In the midst of modern society, broken up by innumerable prejudices, the mind is in a constant turmoil of agitation. It is incessantly revolving in itself a thousand tumultuous and contradictory opinions, by which the members of an ambitious and miserable circle seek to raise themselves above each other. But in solitude the soul lays aside the morbid illusions which troubled her, and resumes the pure consciousness of herself, of nature, and of its Author, as the muddy water of a torrent which has ravaged the plains, coming to rest, and diffusing itself over some low grounds out of its course, deposits there the slime it has taken up, and, resuming its wonted transparency, reflects, with its own shores, the verdure of the earth and the light of heaven. Thus does solitude recruit the powers of the body as well as those of the mind. It is among hermits that are found the men who carry human existence to its extreme limits; such are the Bramins of India. In brief, I consider solitude so necessary to happiness, even in the world itself, that it appears to me impossible to derive lasting pleasure from any pursuit whatever, or to regulate our conduct by any pursuit whatever, or to regulate our conduct by any stable principle, if we do not create for ourselves a mental void, whence our own views rarely emerge, and into which the opinions of others never enter. I do not mean to say that man ought to live absolutely alone; he is connected by his necessities with all mankind; his labours are due to man: and he owes something too to the rest of nature. But, as God has given to each of us organs perfectly adapted to the elements of the globe on which we live,--feet for the soil, lungs for the air, eyes for the light, without the power of changing the use of any of these faculties, he has reserved for himself, as the Author of life, that which is its chief organ,--the heart.
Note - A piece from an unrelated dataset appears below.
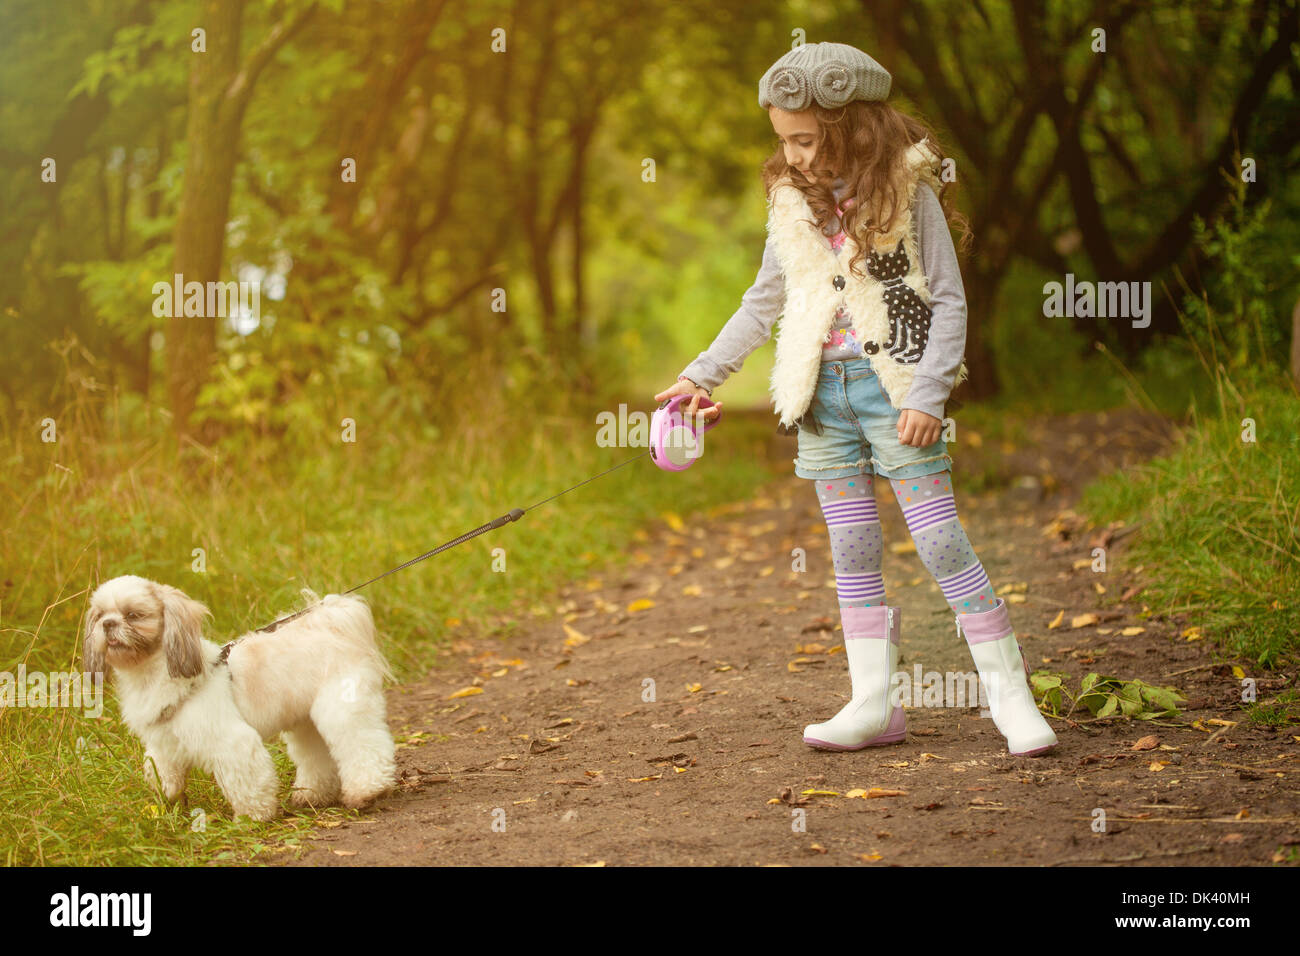 Девочка 12 лет с собакой. Девочка на прогулке. Девочка гуляет с собакой. Девочка с собачкой. Девочка гуляет в парке.
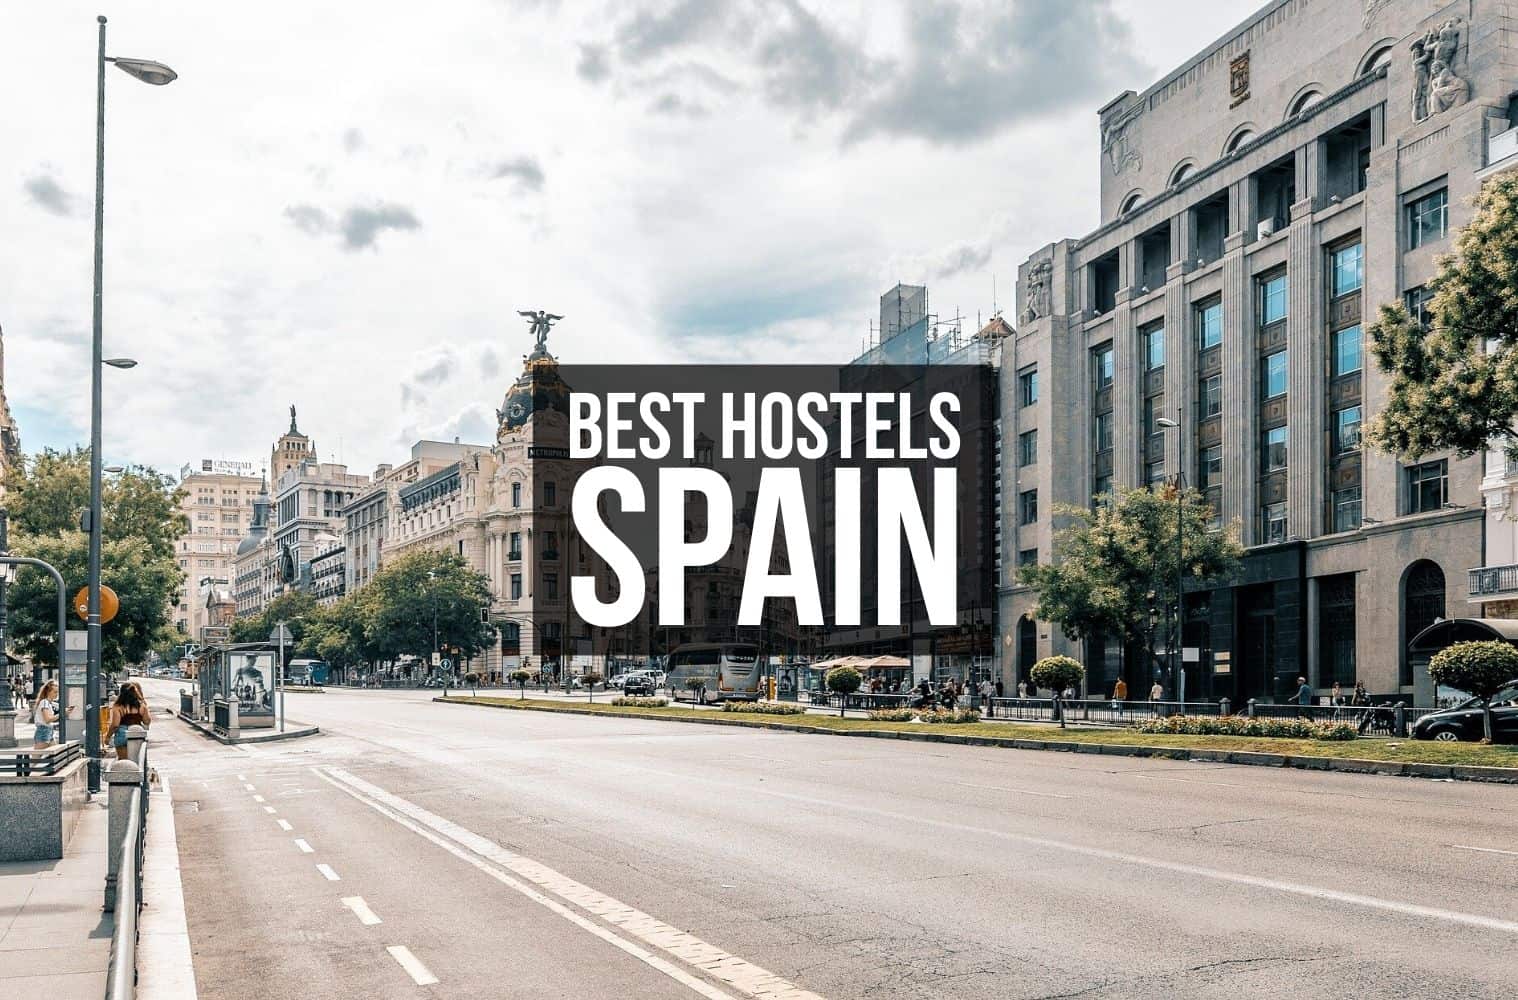 Best Hostels Spain

I thus passed my days far from mankind, whom I wished to serve, and by whom I have been persecuted. After having travelled over many countries of Europe, and some parts of America and Africa, I at length pitched my tent in this thinly-peopled island, allured by its mild climate and its solitudes. A cottage which I built in the woods, at the foot of a tree, a little field which I cleared with my own hands, a river which glides before my door, suffice for my wants and for my pleasures. I blend with these enjoyments the perusal of some chosen books, which teach me to become better. They make that world, which I have abandoned, still contribute something to my happiness. They lay before me pictures of those passions which render its inhabitants so miserable; and in the comparison I am thus led to make between their lot and my own, I feel a kind of negative enjoyment. Like a man saved from shipwreck, and thrown upon a rock, I contemplate, from my solitude, the storms which rage through the rest of the world; and my repose seems more profound from the distant sound of the tempest. As men have ceased to fall in my way, I no longer view them with aversion; I only pity them. If I sometimes fall in with an unfortunate being, I try to help him by my counsels, as a passer-by on the brink of a torrent extends his hand to save a wretch from drowning. But I have hardly ever found any but the innocent attentive to my voice.
Nature calls the majority of men to her in vain. Each of them forms an image of her for himself, and invests her with his own passions. He pursues during the whole of his life this vain phantom, which leads him astray; and he afterwards complains to Heaven of the misfortunes which he has thus created for himself. Among the many children of misfortune whom I have endeavoured to lead back to the enjoyments of nature, I have not found one but was intoxicated with his own miseries. They have listened to me at first with attention, in the hope that I could teach them how to acquire glory or fortune, but when they found that I only wished to instruct them how to dispense with these chimeras, their attention has been converted into pity, because I did not prize their miserable happiness. They blamed my solitary life; they alleged that they alone were useful to men, and they endeavoured to draw me into their vortex. But if I communicate with all, I lay myself open to none. It is often sufficient for me to serve as a lesson to myself. In my present tranquillity, I pass in review the agitating pursuits of my past life, to which I formerly attached so much value,--patronage, fortune, reputation, pleasure, and the opinions which are ever at strife over all the earth. I compare the men whom I have seen disputing furiously over these vanities, and who are no more, to the tiny waves of my rivulet, which break in foam against its rocky bed, and disappear, never to return. As for me, I suffer myself to float calmly down the stream of time to the shoreless ocean of futurity; while, in the contemplation of the present harmony of nature, I elevate my soul towards its supreme Author, and hope for a more happy lot in another state of existence.